I really struggled with locusts to be honest mate, not sure where I went wrong but I just couldn't get them to breed. Dubias on the other hand, got some, stuck them in a RUB with some heat, food, water gel and some egg crates and off they went! Forgot to add: setup for my roaches cost about.. I'd say £40ish, the black RUB was about £17, already had a heat mat, egg crates were cheap off eBay, roaches etc. Cleaning is alright, just stack the egg crates vertically and the mess should fall to the bottom and they're pretty easy to maintain and feed. 

I underestimated the speed they bred at, only have one gecko so will need to sort them out soon but if you can do a mixture of the two then that sounds good but dubias are definitely easier (in my experience anyway).

Good luck on whatever you decide, and hopefully they breed well for you.


----------



## Leequig (May 13, 2012)

I have a tub and heat mat. I have seen a few roach colony set ups on eBay so I'm going to get one. I only have one ackie monitor to feed at the moment so I'm wary about breeding too many. I have read if you keep the temps lower they will bread slower so maybe that could be an idea???


----------



## JordanL (Nov 14, 2012)

Yeah mate I noticed that with mine. I had two leopard geckos (one sadly passed away) so obviously with only one gecko to feed I needed to slow the breeding down so I turned it down and so far it seems to have helped. 

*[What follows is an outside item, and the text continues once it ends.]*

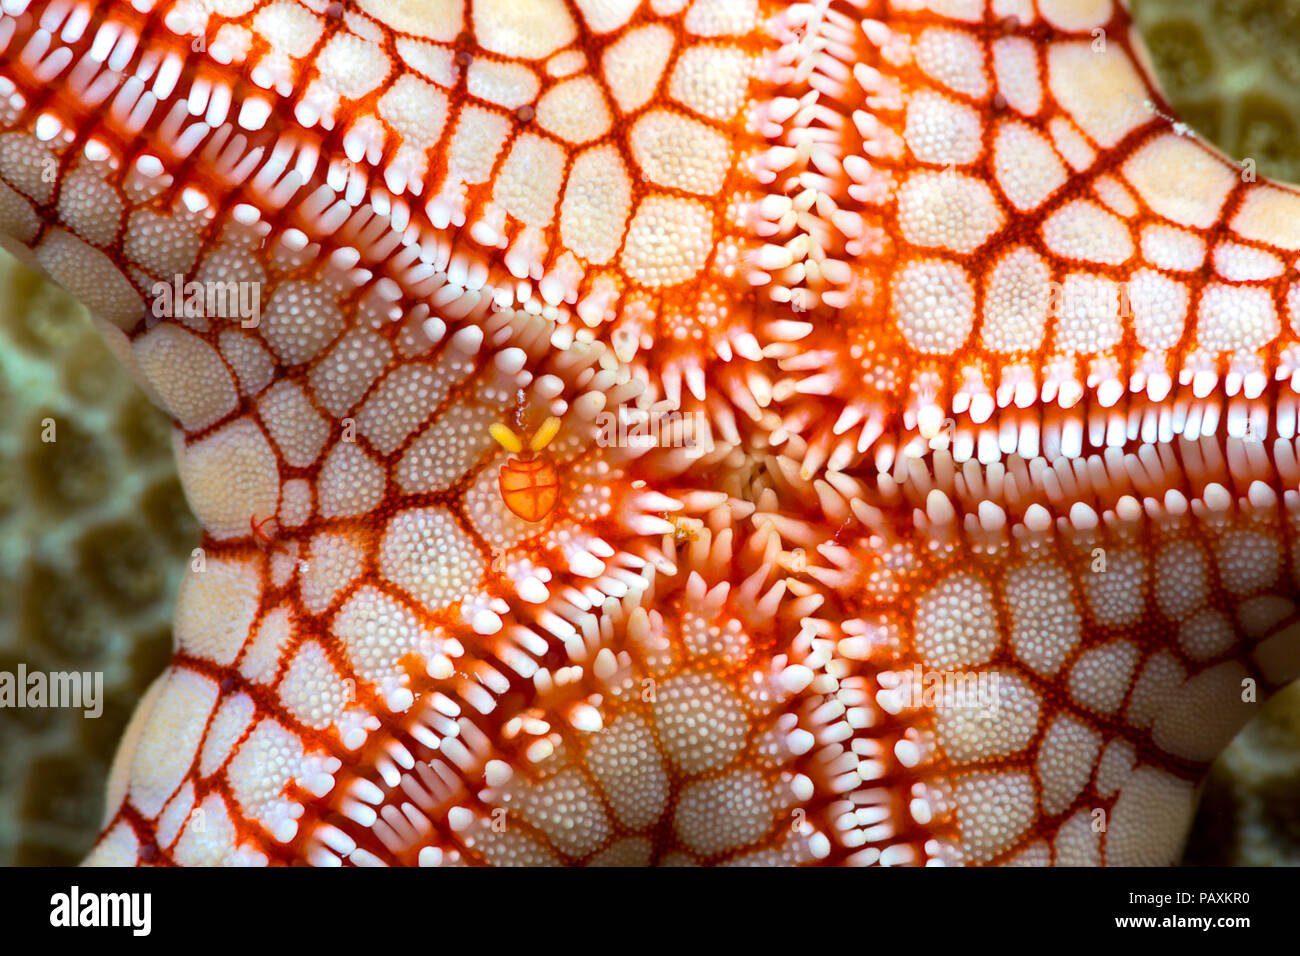 Una femmina copepod simbiotici, Stellicola sp. può essere visto solo a sinistra del centro su questa collana seastar, Fromia monilis, Yap, Micronesia. Foto Stock

Hopefully some other members can offer some more help, I don't know much about them except for what I've read on here haha!


----------



## Leequig (May 13, 2012)

Cheers for the information pal. Iv got experience with ackies now, i have owned 3 so I'm really interested in getting a bosc monitor so I think il have to start breeding insects because iv heard they are like dustbins haha just need to build a massive viv because I like them to have plenty of space


----------